• **PROVIDED INFORMATION**:
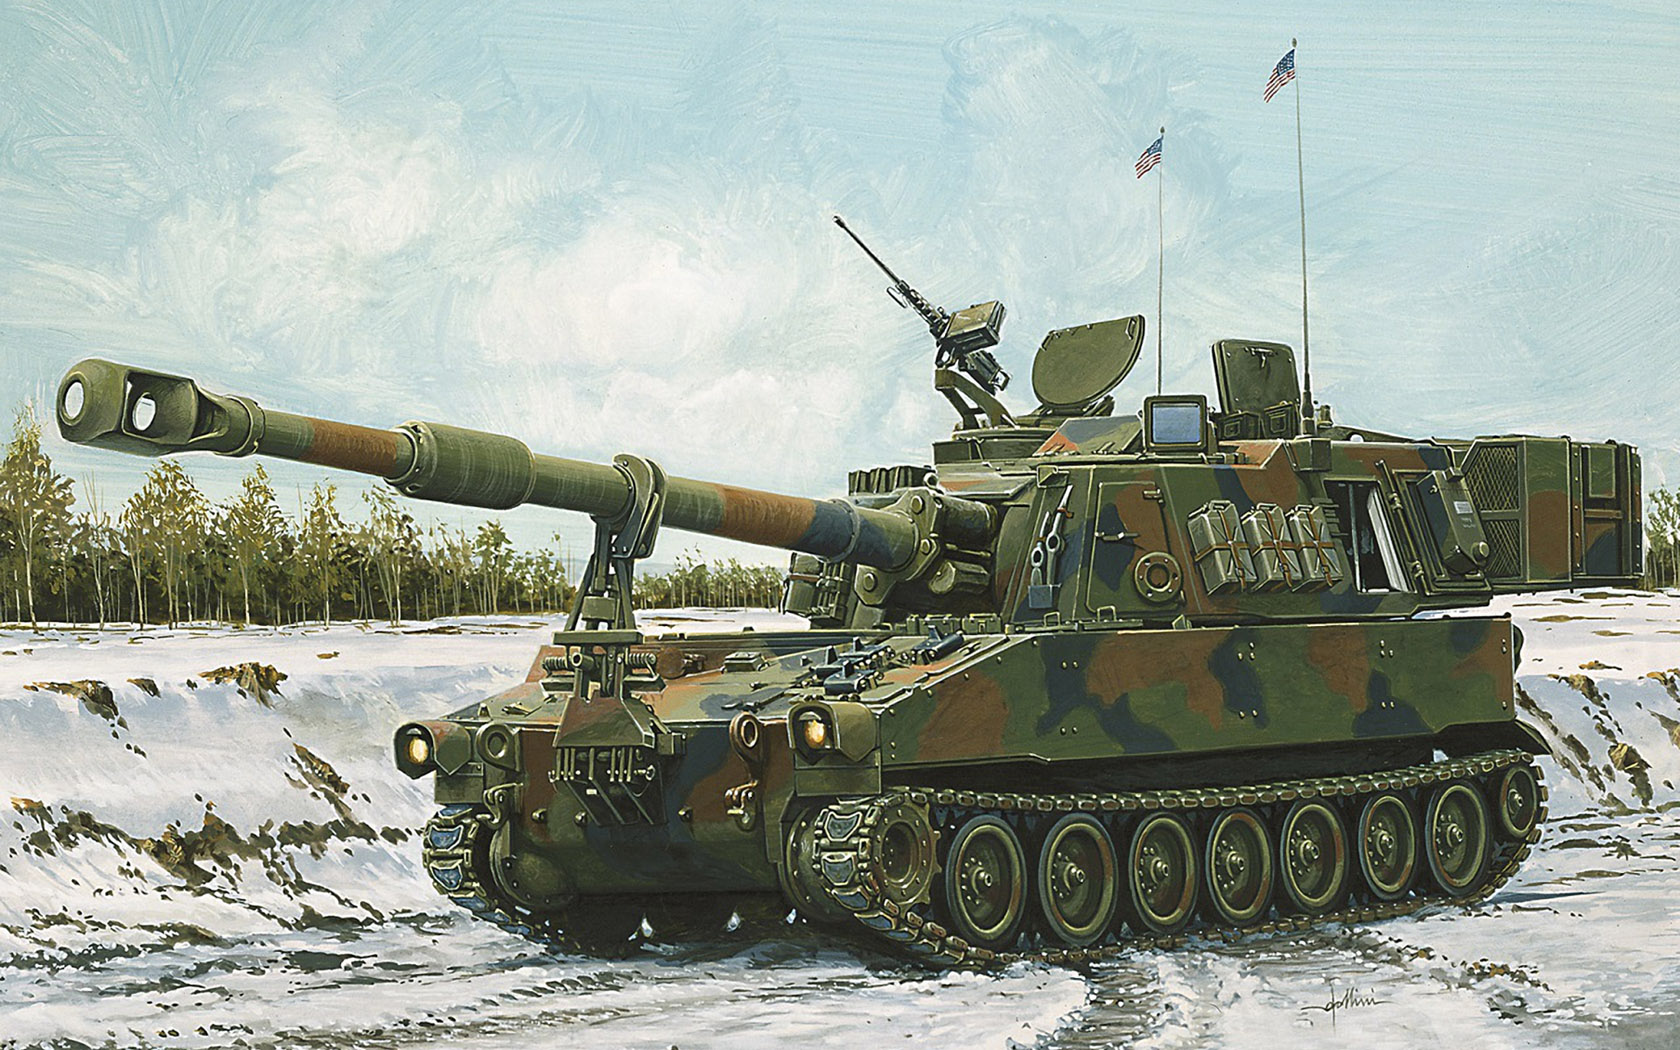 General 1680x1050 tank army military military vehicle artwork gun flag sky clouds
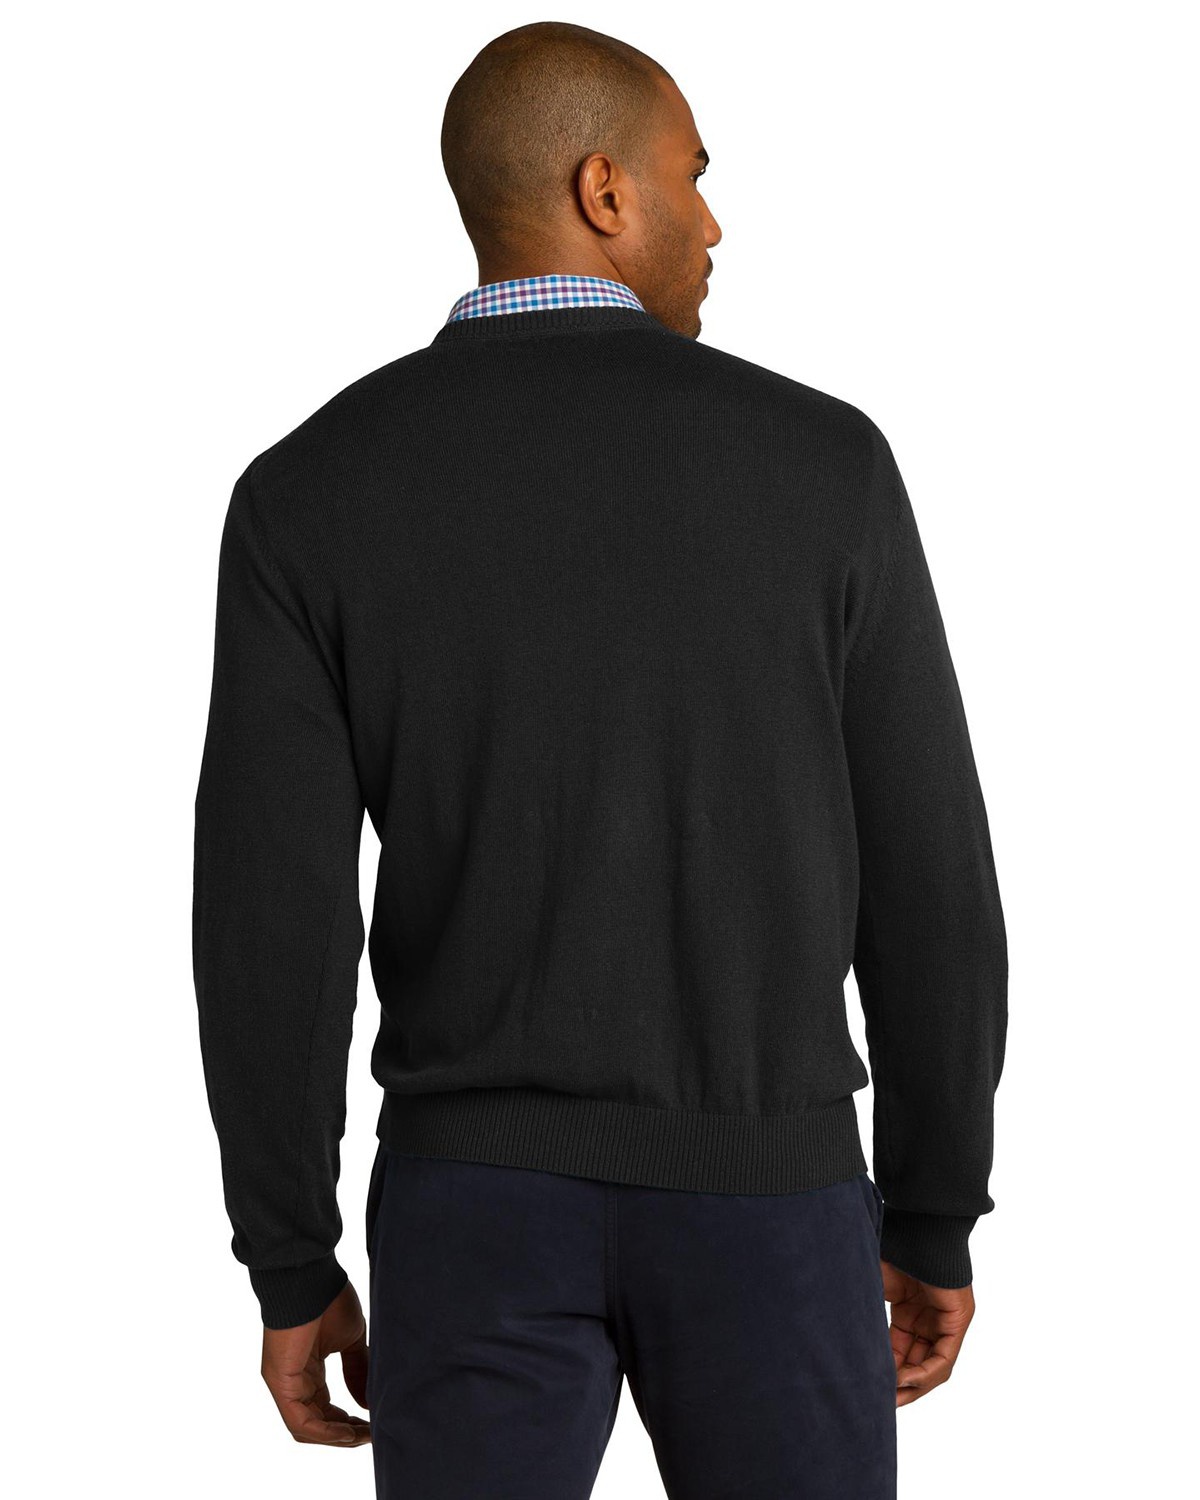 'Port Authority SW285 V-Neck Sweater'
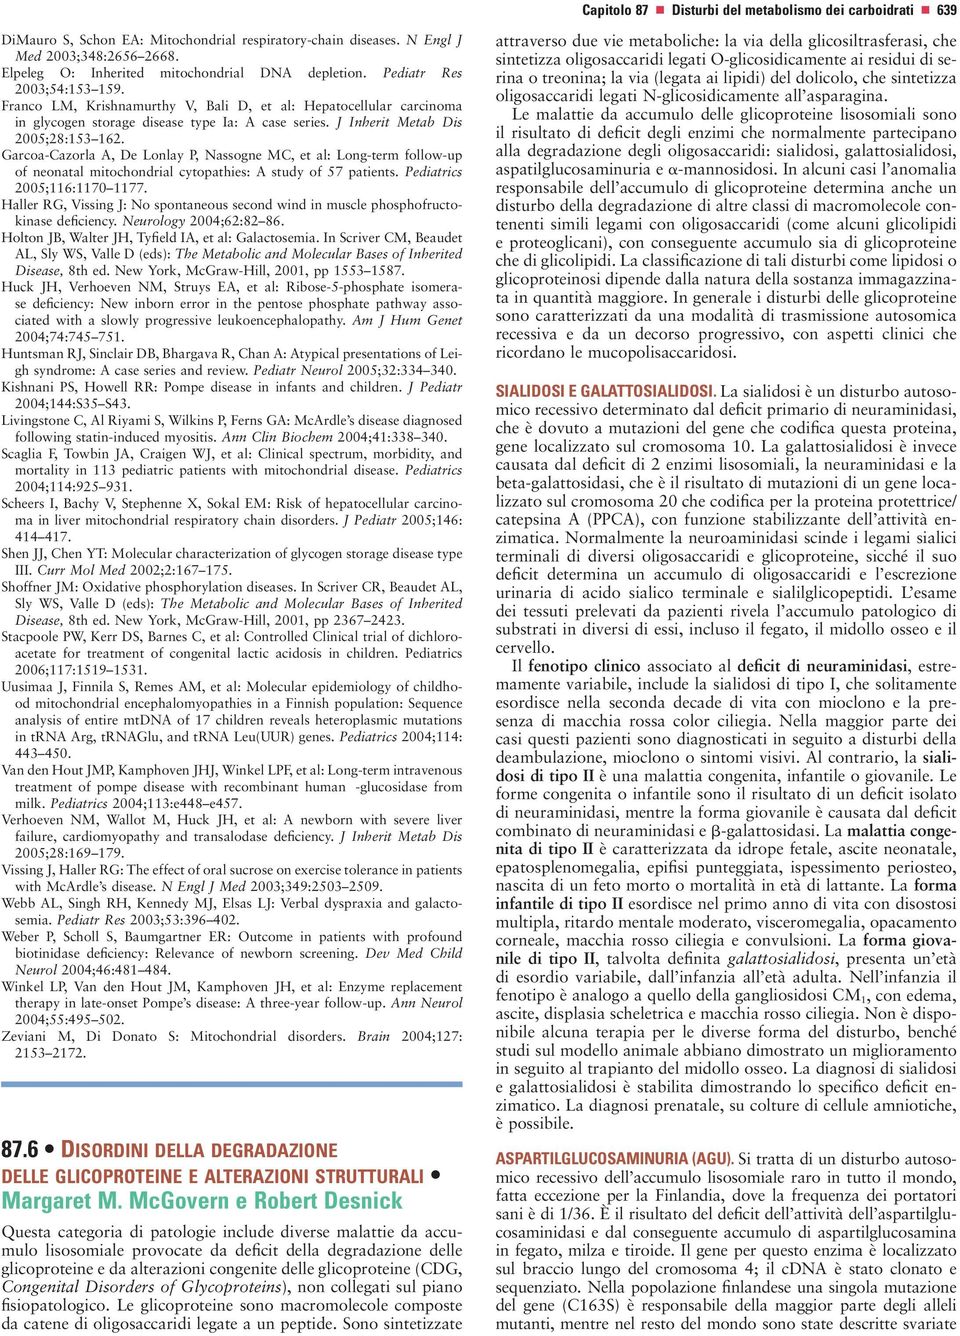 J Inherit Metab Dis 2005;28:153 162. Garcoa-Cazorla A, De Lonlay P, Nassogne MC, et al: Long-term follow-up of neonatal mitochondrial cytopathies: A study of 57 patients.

* * *

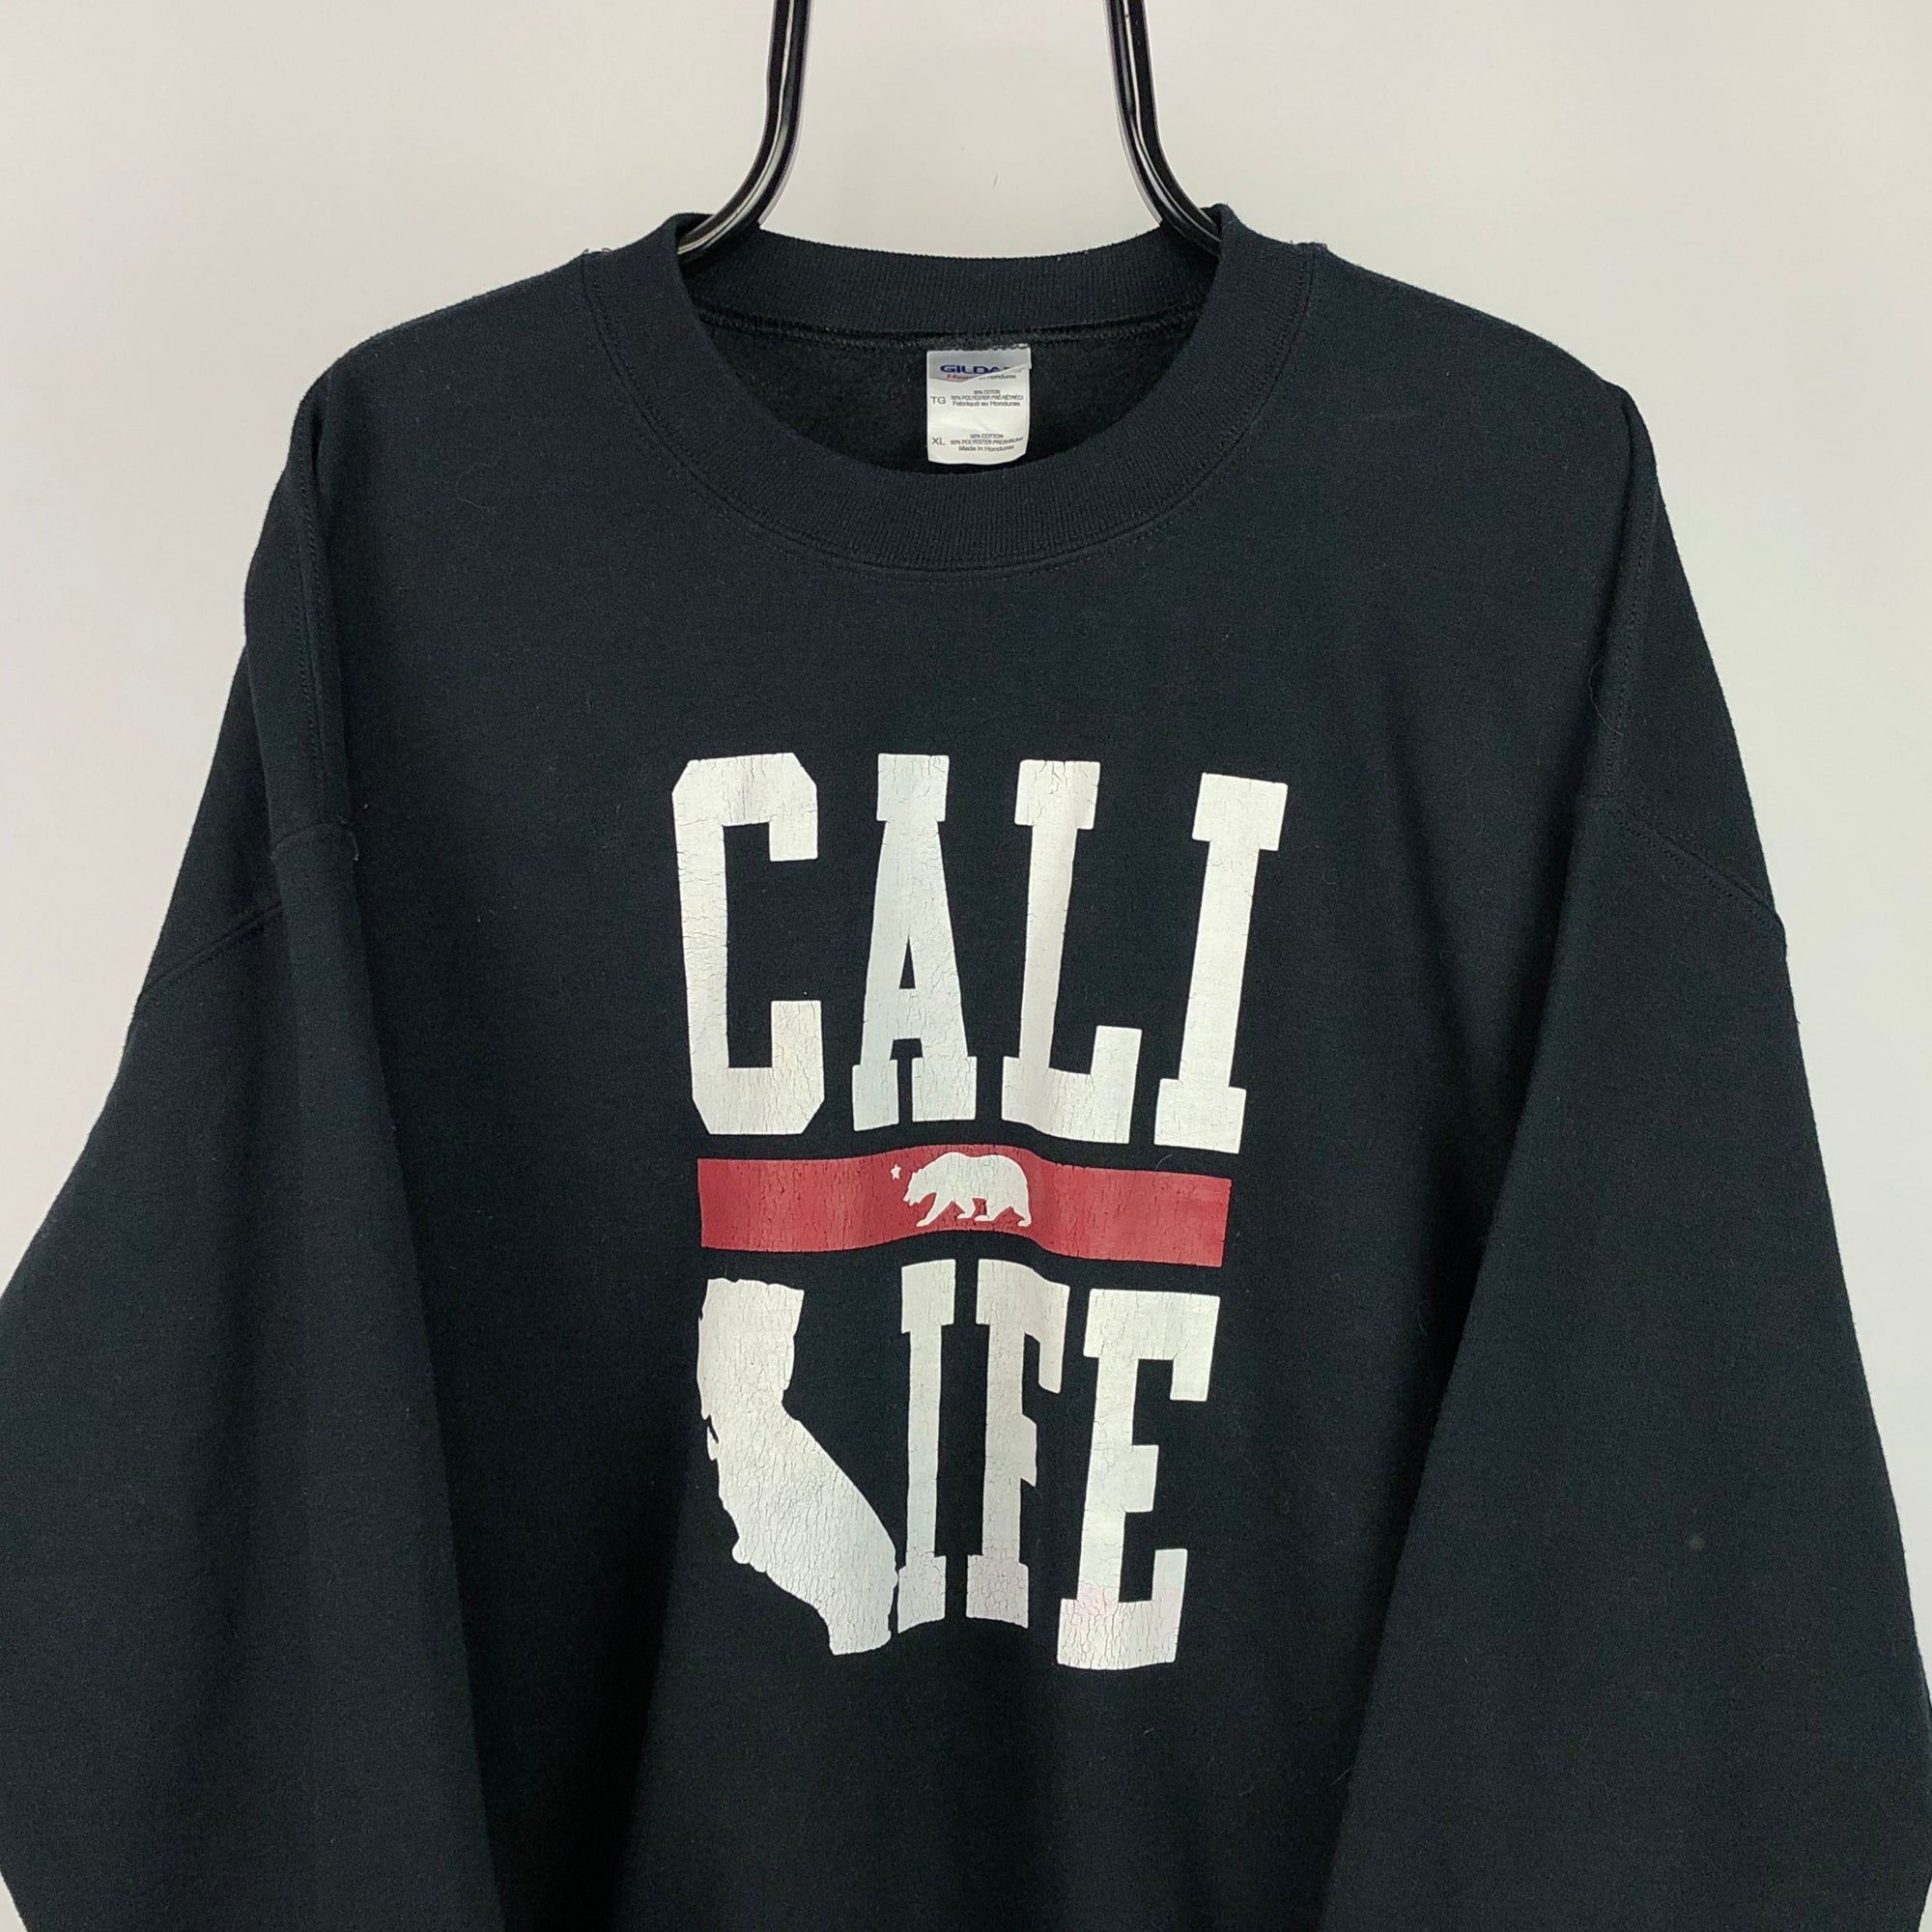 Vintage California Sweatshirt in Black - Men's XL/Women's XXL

• **WHAT TO WORK ON**: Going by the entries above, repeat exactly the lines that start at the line with "General 1680x1050 tank" and go on through the line with "J Inherit Metab". Pictures are not part of the copy.

• **SOLUTION FOR THIS EXERCISE**:
 General 1680x1050 tank army military military vehicle artwork gun flag sky clouds
 'Port Authority SW285 V-Neck Sweater'
 J Inherit Metab Dis 2005;28:153 162. Garcoa-Cazorla A, De Lonlay P, Nassogne MC, et al: Long-term follow-up of neonatal mitochondrial cytopathies: A study of 57 patients.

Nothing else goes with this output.